[Supplied information]
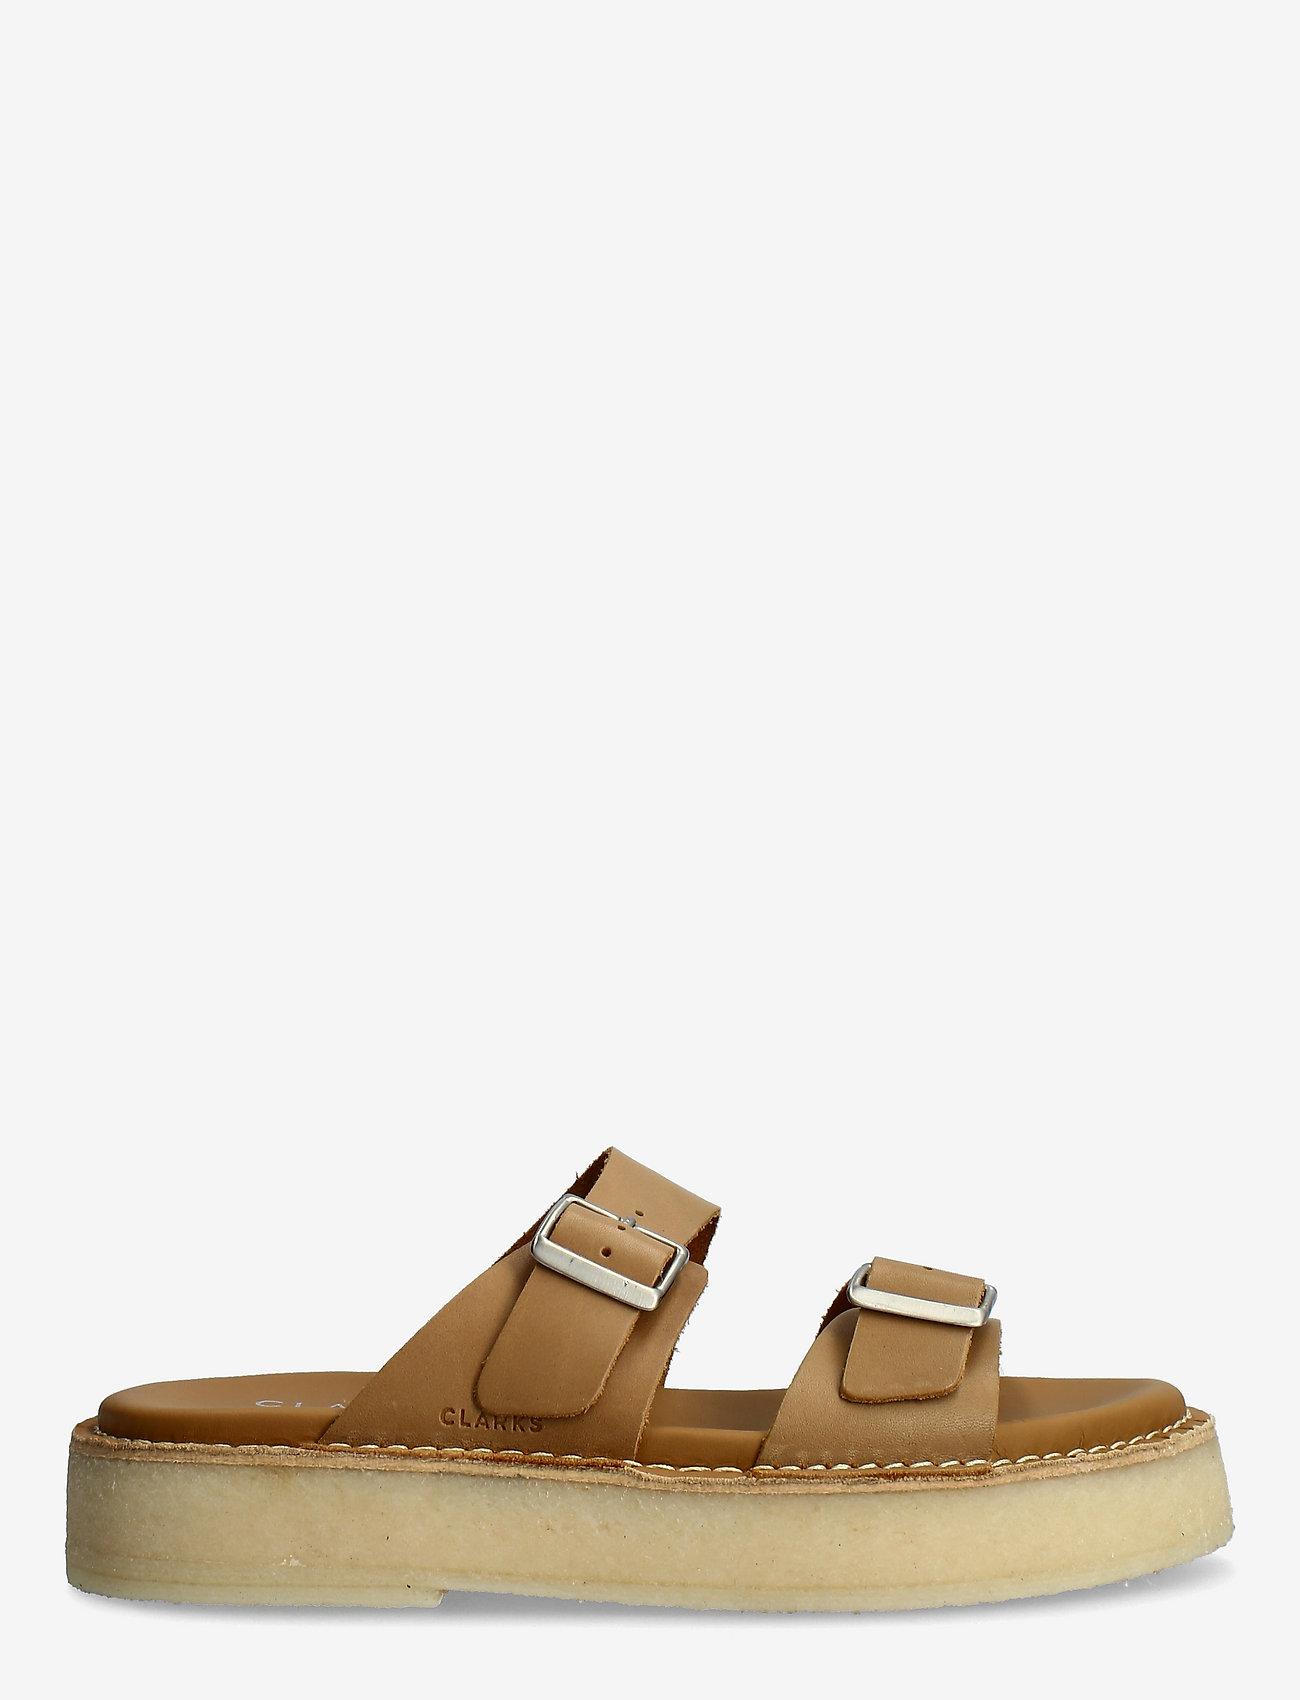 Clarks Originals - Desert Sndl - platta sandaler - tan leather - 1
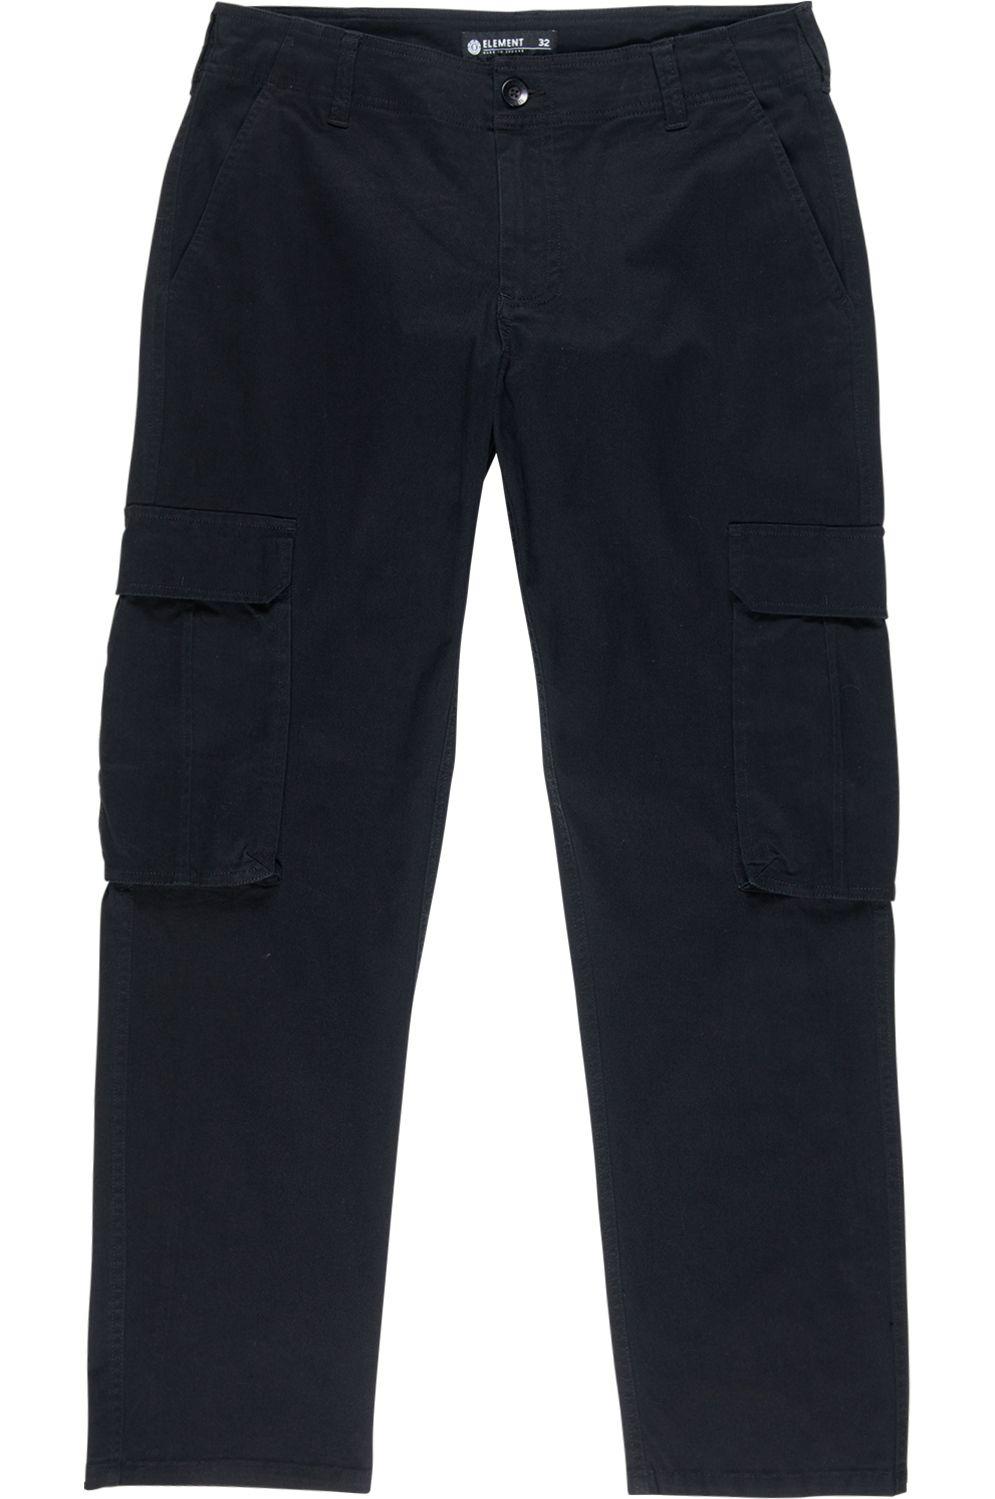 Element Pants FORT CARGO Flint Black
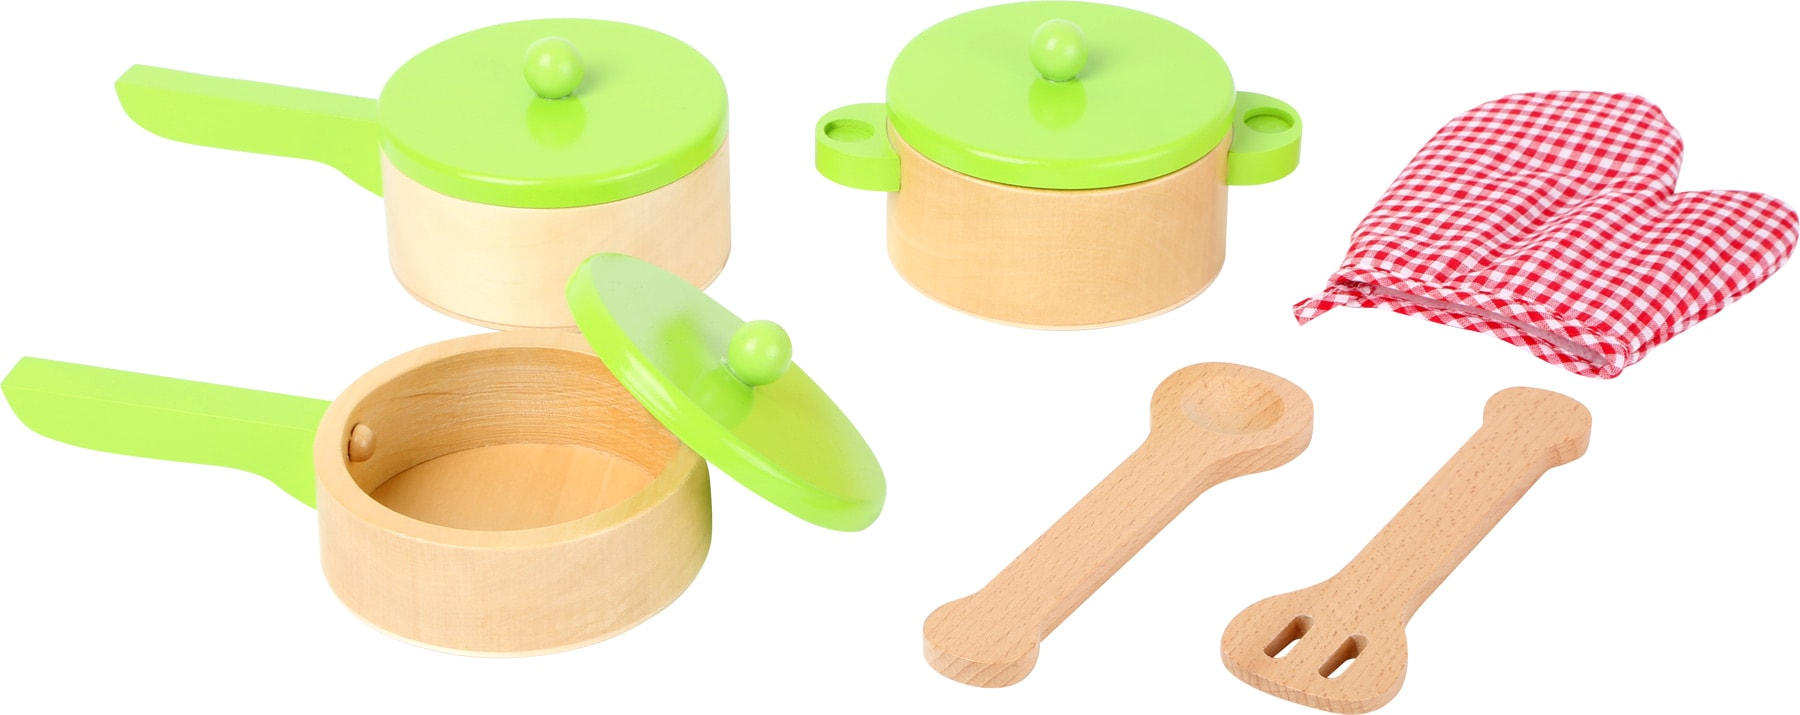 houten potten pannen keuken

[Exercise description]
Start with the line that holds "Element Pants FORT CARGO Flint Black" and retype each line through the last one in the data, exactly and without pictures.

[Output below]
 Element Pants FORT CARGO Flint Black
 houten potten pannen keuken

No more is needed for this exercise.